◆ Assigned task
Extract the stretch of lines that starts at the line with "CC-COE, 2000 Airbus" and ends at the last line of the data below. Give it exactly, without pictures.

◆ Dataset excerpt
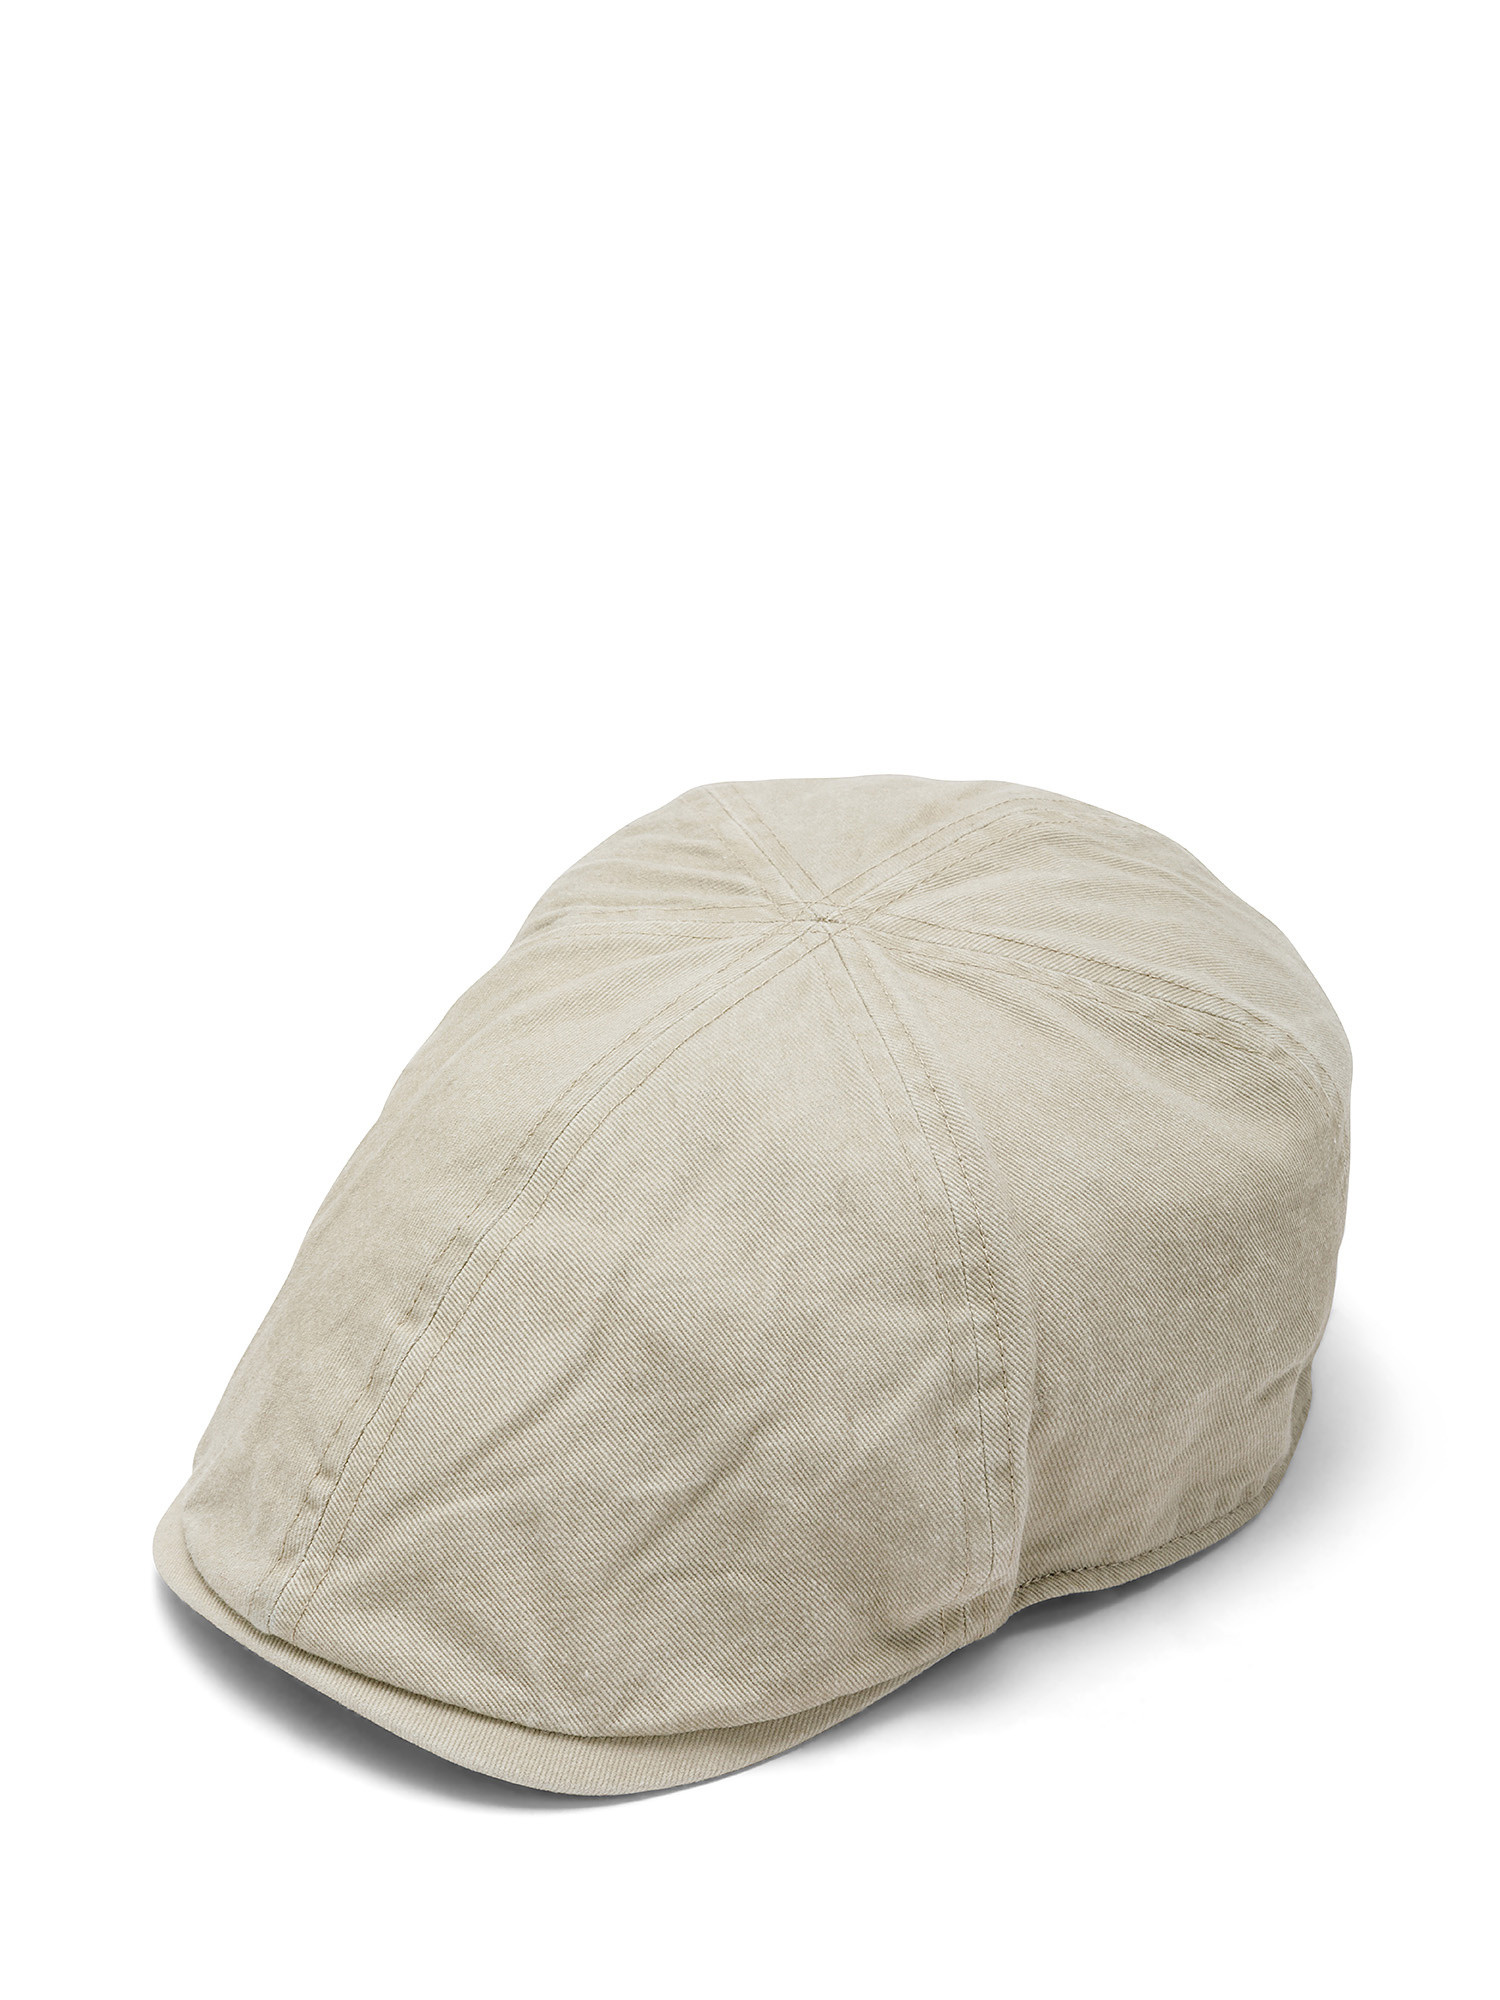 Luca D'Altieri - Cotton cap, Beige, large image number 0
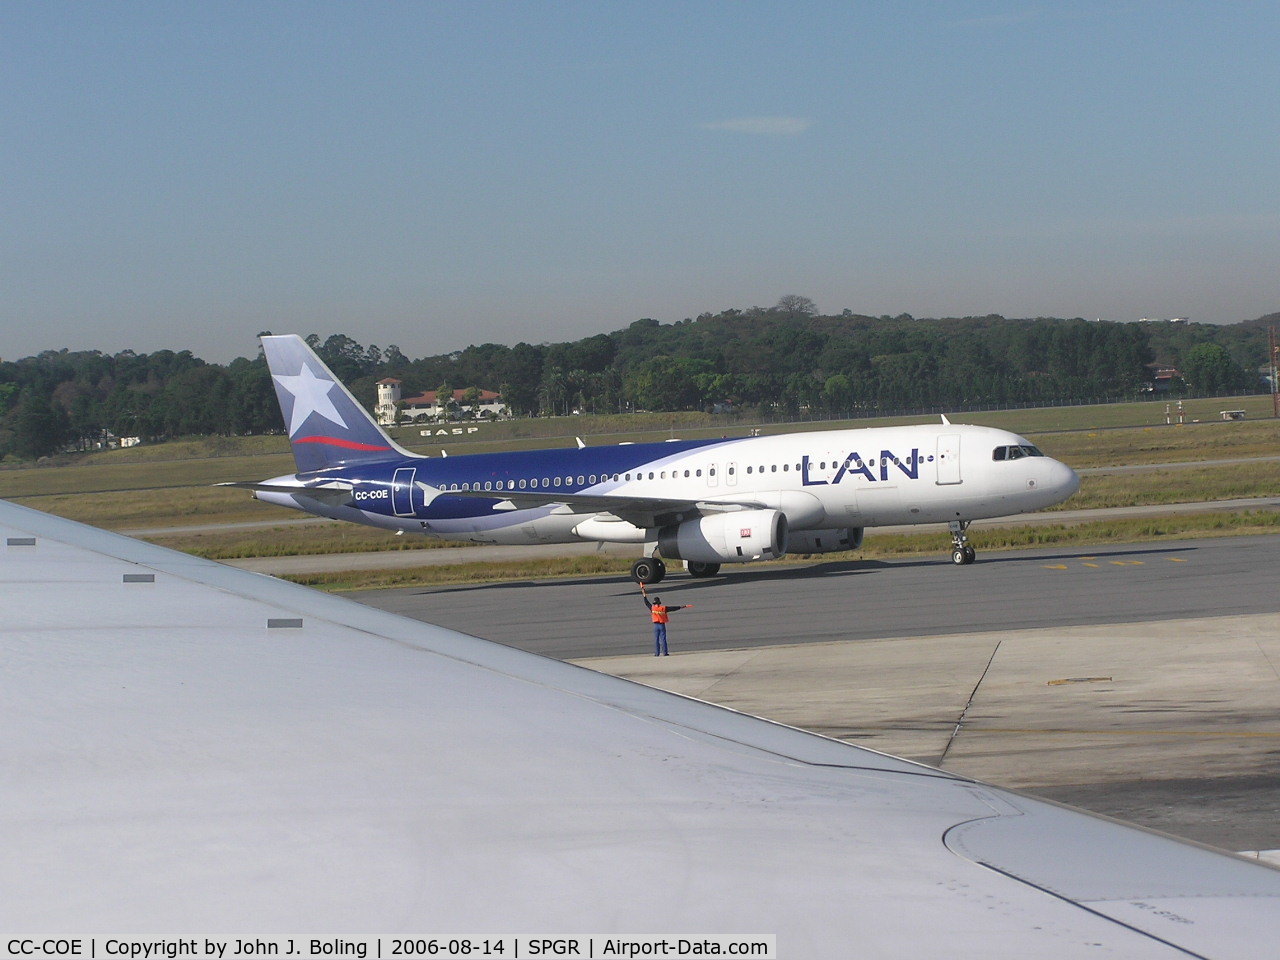 CC-COE, 2000 Airbus A320-233 C/N 1351, LAN Airbus at Sao Paulo, Brazil
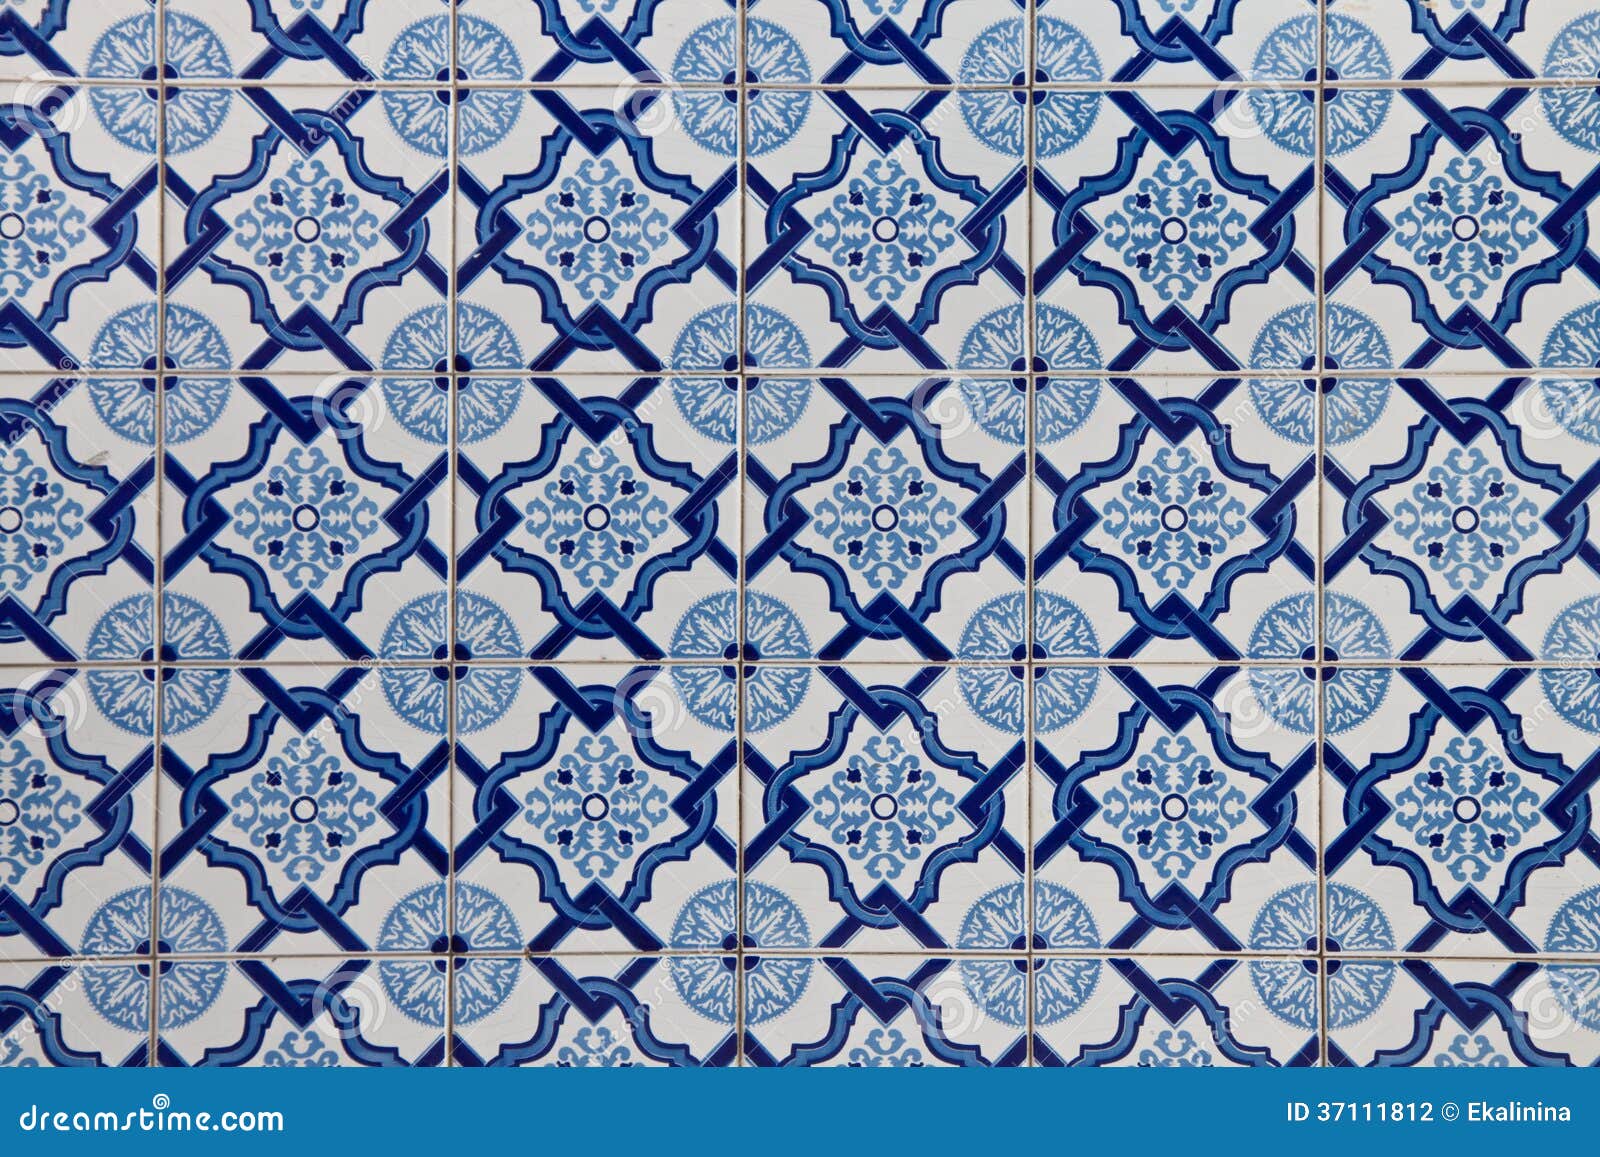 portuguese tiles azulejo

◆ Written reply
 CC-COE, 2000 Airbus A320-233 C/N 1351, LAN Airbus at Sao Paulo, Brazil
 portuguese tiles azulejo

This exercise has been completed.